= Maurice Vernes =

Maurice Vernes (25 September 1845, in Nauroy - 29 July 1923, in Paris) was a French Protestant theologian and historian of religion.

He studied theology at the Protestant seminary in Montauban and the University of Strasbourg, receiving his doctorate in 1874. From 1877 he taught as a lecturer at the Sorbonne, and two years later, became a professor at the Faculté de théologie protestante de Paris (Protestant Faculty of Theology in Paris). In 1886, he was named director-adjoint at the École pratique des hautes études (section on religious sciences). From 1901 he taught classes as a professor at the Collège libre des sciences sociales (CLSS) in Paris.

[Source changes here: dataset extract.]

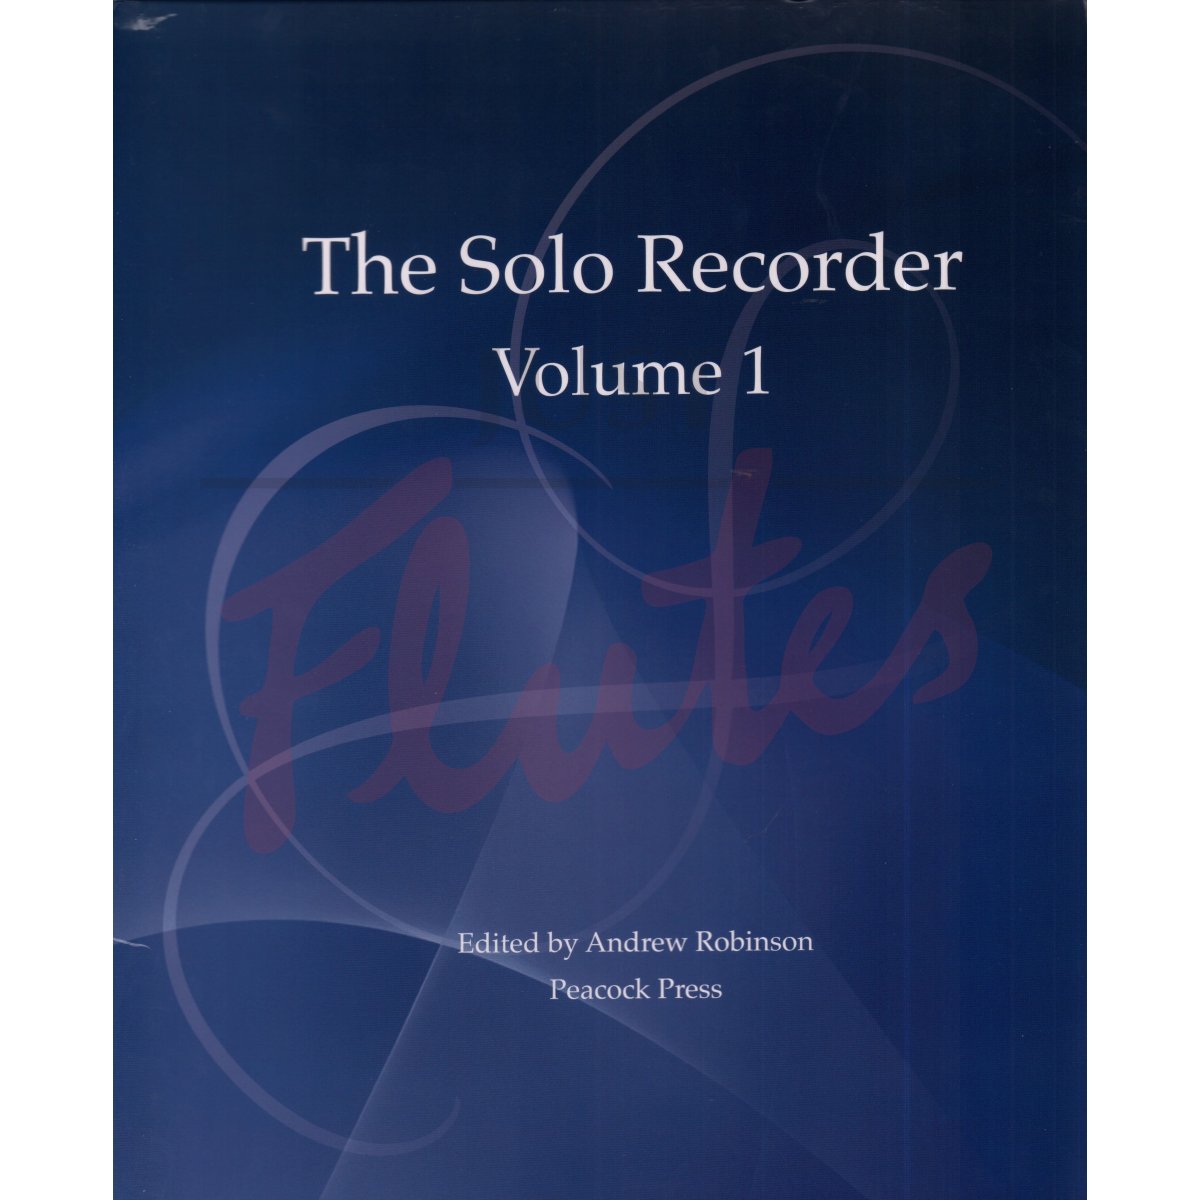 The Solo Recorder Volume 1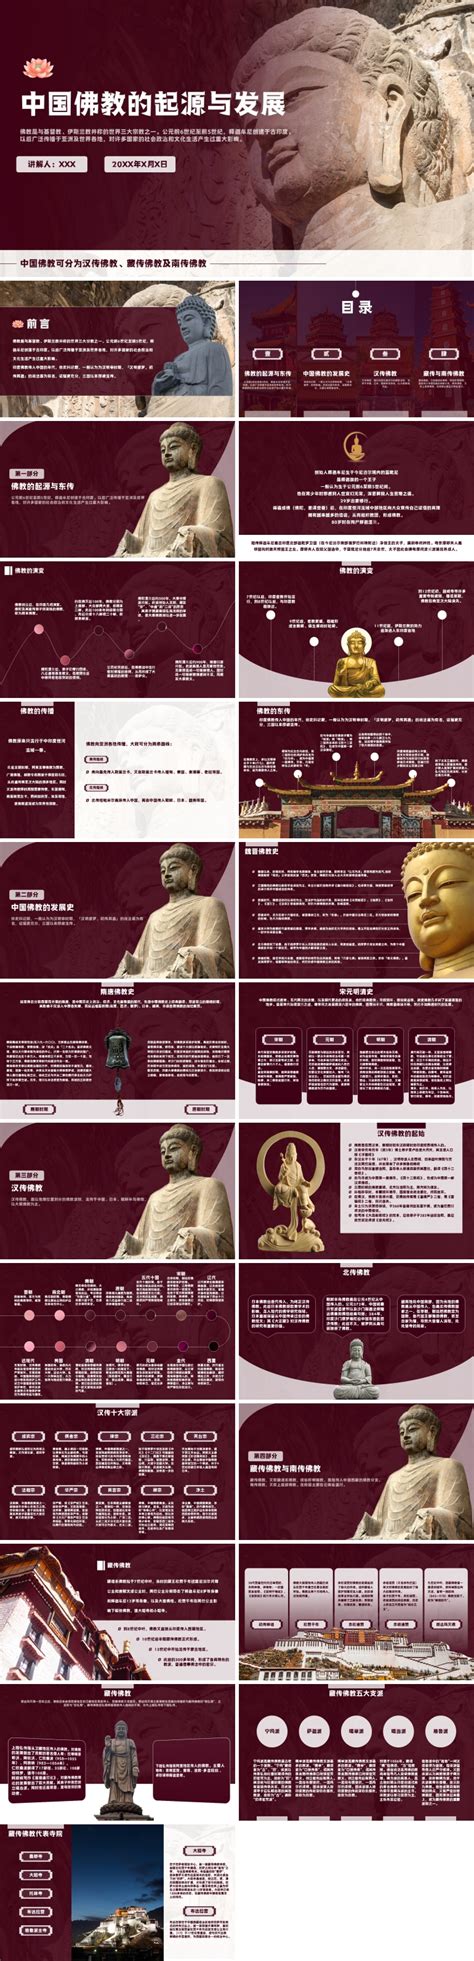 佛教的由来、发展和概况 ppt课件-麦克PPT网

In 1880 he founded the journal, Revue de l'Histoire des religions.

== Selected works ==
- Histoire des idées messianiques depuis Alexandre jusqu'a l'empereur Hadrien, (graduate thesis, 1874) - History of messianic ideas from Alexander the Great up until Hadrian.
- Mélanges de critique religieuse, 1880 - Collection of religious critiques.
- L'histoire des religions; son esprit, sa méthode, et ses divisions, son enseignement en France et à l'etranger, 1887 - The history of religions; its spirit, methods and divisions, its teaching in France and abroad.
- Une nouvelle hypothèse sur la composition et l'origine du Deutéronome, 1887 - A new hypothesis about the composition and origin of Deuteronomy.
- Du prétendu polythéisme des Hébreux; essai critique sur la religion du peuple d'Israël, suivi d'un examen de l'authenticité des écrits prophétiques, 1891 - On alleged polytheism of the Hebrews; critical essay on the religion of the people of Israel.
- Les croyances populaires : leçons sur l'histoire des religions professées à l'Université nouvelle de Bruxelles (by Élie Reclus, foreword by Vernes; 1908) - Popular beliefs: Lessons on the history of religion taught at the new University of Brussels.
- Histoire sociale des religions, 1911 - Social history of religions.
- La crise de la religion en France, 1911 - The crisis of religion in France.
- Les emprunts de la Bible hébraïque au grec et au latin, 1914.